If you want to use Adobe Audition you can output an XML file that you can import directly into the program.

Author: Cyprian Vero

Date: 29 March 2022

Installation

Tested on Python 3.8

If you have conda

conda create -n py38 python=3.8 -y
conda activate py38

Required packages:

pip install natsort matplotlib ffmpeg azure-cognitiveservices-speech pydub tqdm

Usage

To run the tranlation use the following file:

python translate_vtt.py

Input:

.vtt file

Outputs:

wav file for each of the text segments in a VTT file
adobe_audition_output_original.xml

(optional) when flag --auto_remove_overlap is used:

combined wav file of all segments adjusted to correct time placement and corrected for any overlaps.
adjusted wav files
adobe_audition_output_adjusted.xml

Example

Translate a VTT file called french.vtt to speach with an automatic correction of overlapping files

python translate_vtt.py --file french.vtt --language "fr-FR" --voice "fr-FR-HenriNeural" --API_key "[TYPE_YOUR_API_KEY_HERE]" --API_region "westeurope" --auto_remove_overlap

Options

Required

--language (type=str)
  Speech language to translate text to.

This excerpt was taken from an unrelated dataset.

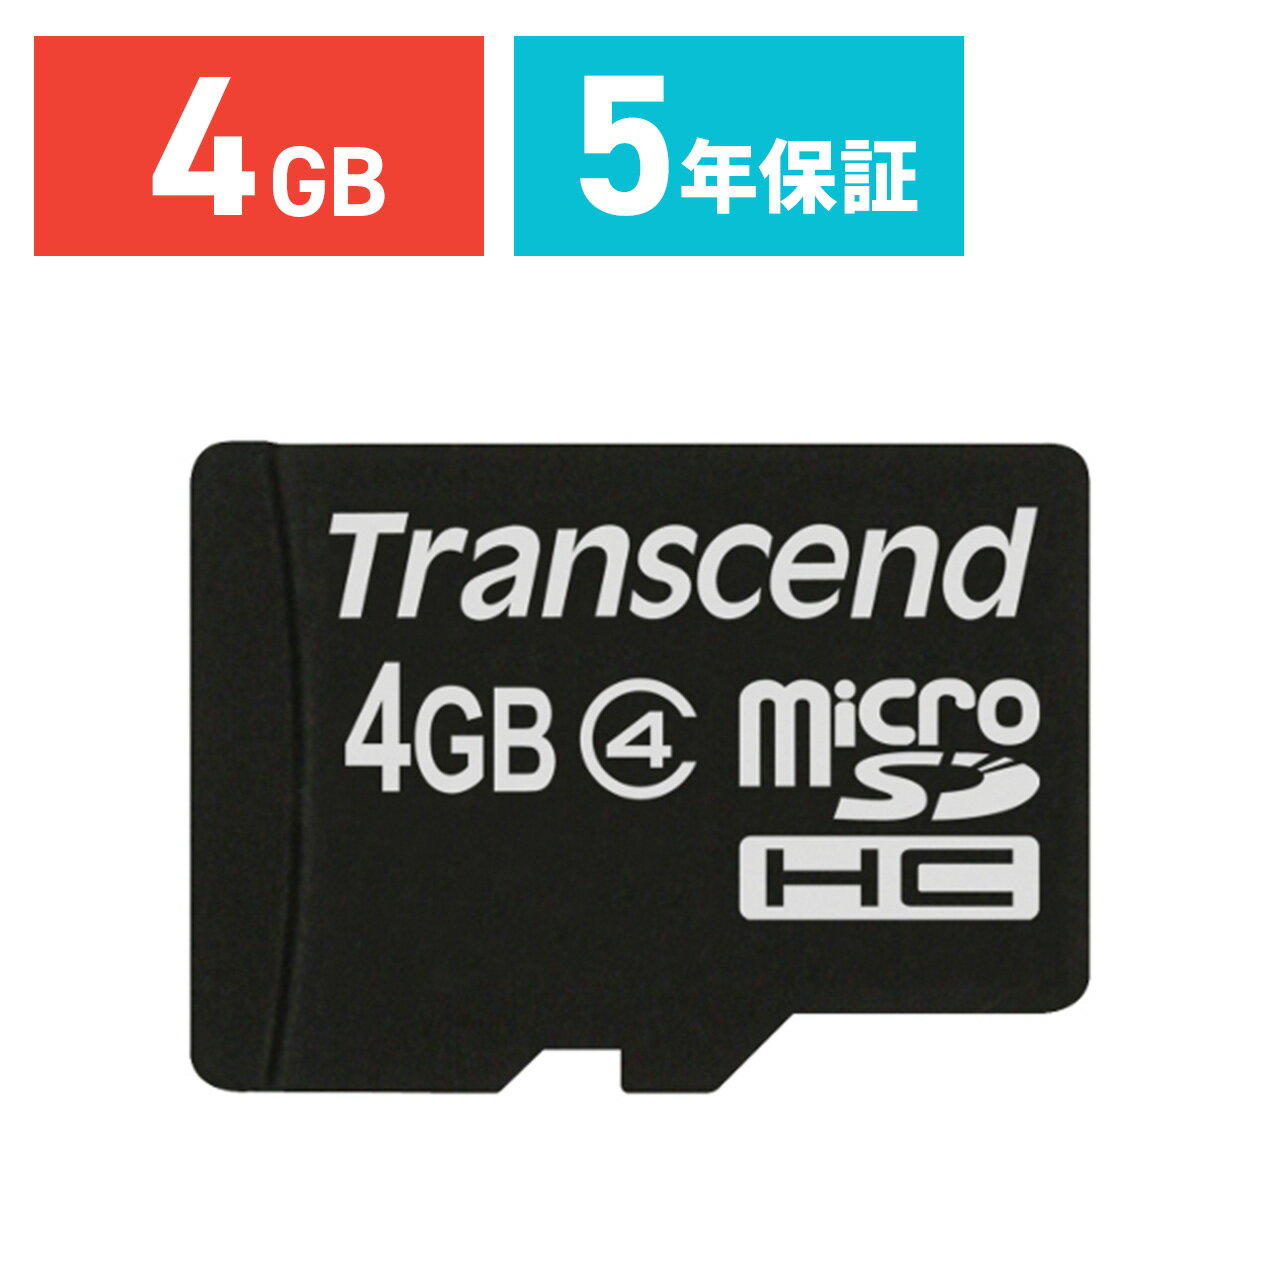 Transcend microSDカード 4GB Class4 永久保証 マイクロSD microS...:sanwadirect:10056927
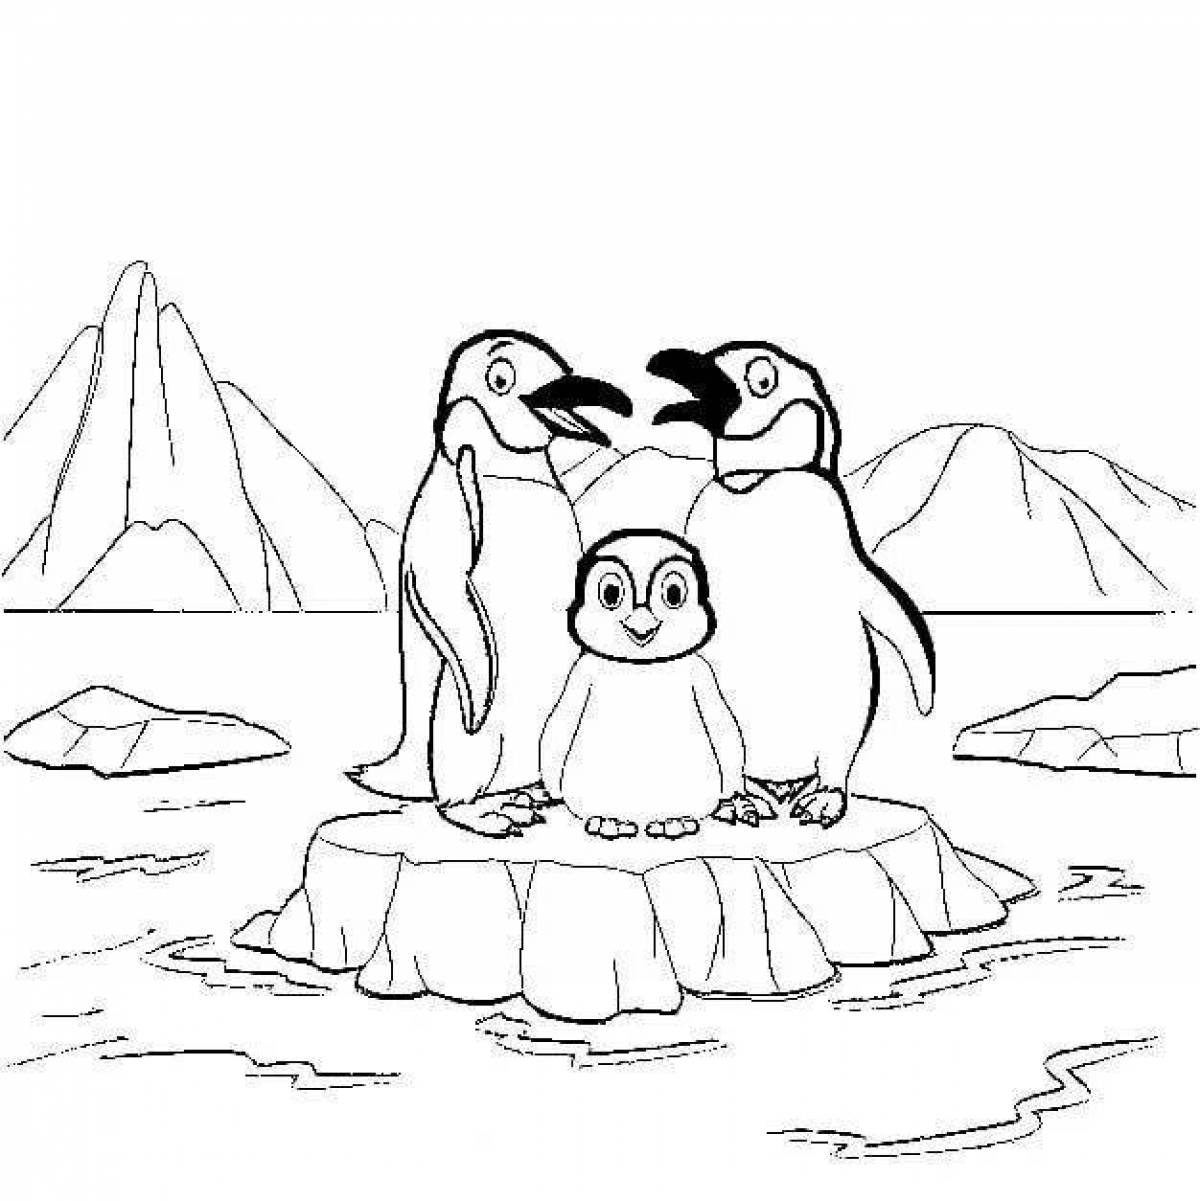 Penguin on an ice float #5

Ex. "fr-FR" for French. Full list available at: https://docs.microsoft.com/en-us/azure/cognitive-services/speech-service/language-support#prebuilt-neural-voices

--voice (type=str)
  The voice to be used for speech. Ex. "fr-FR-HenriNeural" for French. Full list available at: https://docs.microsoft.com/en-us/azure/cognitive-services/speech-service/language-support#prebuilt-neural-voices

--API_key (type=str)
  A translation API_Key from Microsoft Cognito website.

--API_region (type=str)
  A translation API_region from Microsoft Cognito website. Ex. "westeurope" for Western Europe

To find available languages go to https://docs.microsoft.com/en-us/azure/cognitive-services/speech-service/language-support#prebuilt-neural-voices

Optional

--file (type=str) default='./test.vtt',
  File path to vtt file that should be translated.

--output_folder (type=str) default='./audio_files/',
  Directory path to the outputs folder.

--allowed_overlap_milliseconds (type=int) default=50,
  Maximum number of milliseconds one translation track can overlap the next translation track

--auto_remove_overlap (action='store_true')
  Automatically speed up the the segment to fit the available space without overlap. If a track 1 overlaps track 2 by 1000 ms then the track 1 length will be speedup by 1000 ms.
    
--use_existing_translations (action='store_true')
  Used for debugging. Instead of translating via API, combine files that are already translated and available in the --output_folder.